Por primera vez el sol se asomó algo incómodo. Avergonzado de su propia naturaleza, buscó con torpeza ocultar sus viejos rayos. No quiso ser el responsable de evidenciar el vacío.

Por primera vez la jauría amaneció desorientada. Esta mañana su líder se permitió faltar al banquete y decidió tomarse una licencia, la primera en toda su vida.

Por su parte, la casa siente miedo; y también esto sucede por primera vez. La descubrí incrédula buscando la apuesta figura de su guardián. Lo hacía con nerviosismo revolviendo sus propios rincones.

Confundido, me dejé llevar por un impulso primitivo. Todavía animoso tomé un viejo palo seco a modo de prueba e improvisadamente comencé a blandirlo con una extraordinaria destreza.

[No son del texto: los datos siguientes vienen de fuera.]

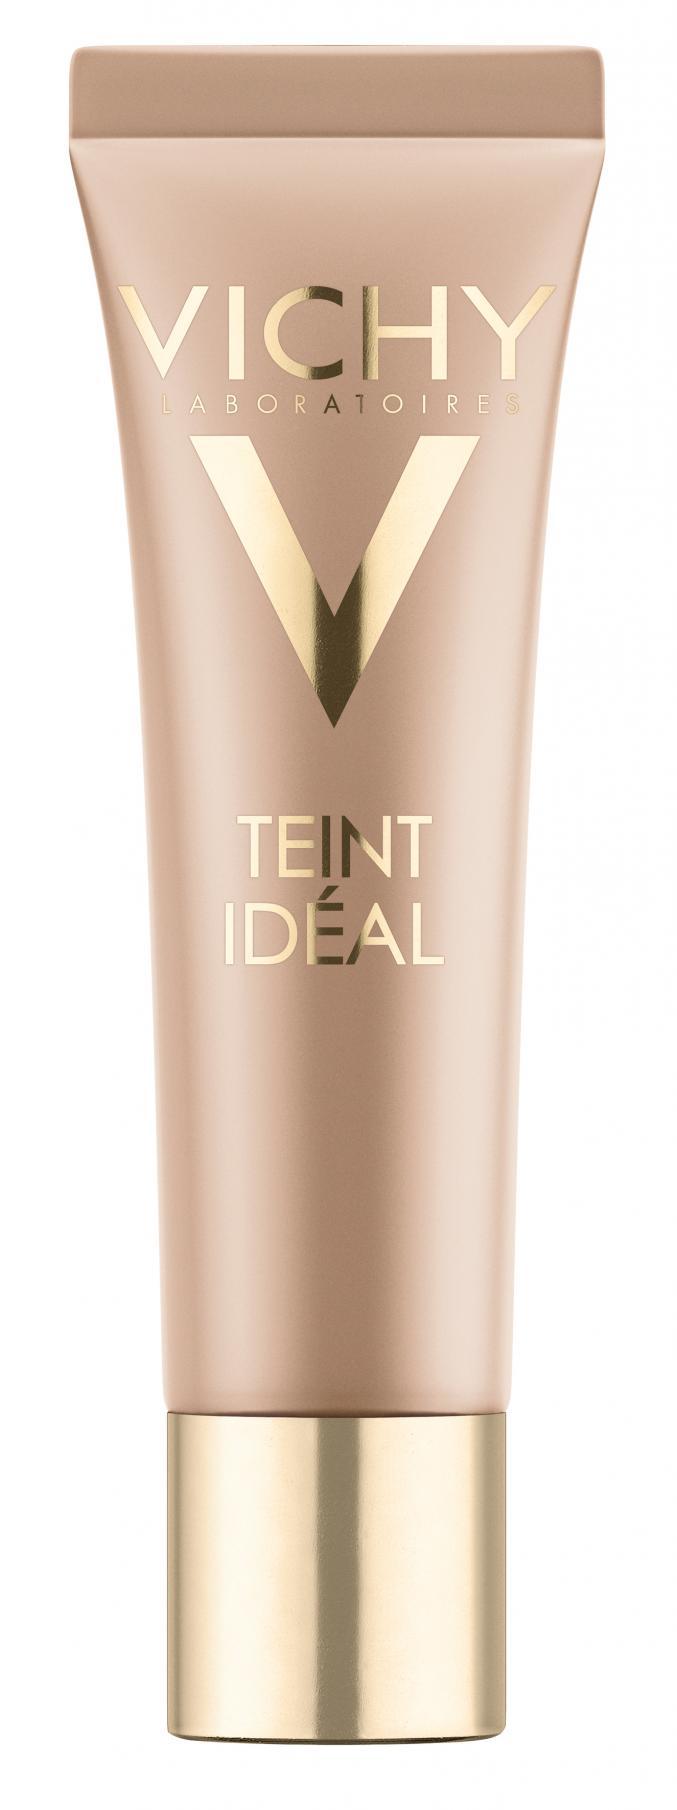 Teint Idéal Crème (Vichy)

La misma que me brindaron los años, la que no me serviría más.

Inmóvil observé a mi alrededor buscando una respuesta, cuidando el más mínimo de mis movimientos para no alterar mi contexto inmediato.

Fue entonces, cuando aguzando el oído a la espera del más elegante de todos los trotes conocidos, encontré lo que buscaba. Un silencio ensordecedor penetró mis tímpanos sin consideración.

Mis manos dejaron caer el palo seco, el cual llegó con fastidio al suelo acompañado por una amable lágrima que tuvo la delicadeza de no dejarlo solo. La prueba había finalizado, y yo ya lo había comprendido. A mi también me sucedía algo por primera vez: Hoy nadie jugará conmigo.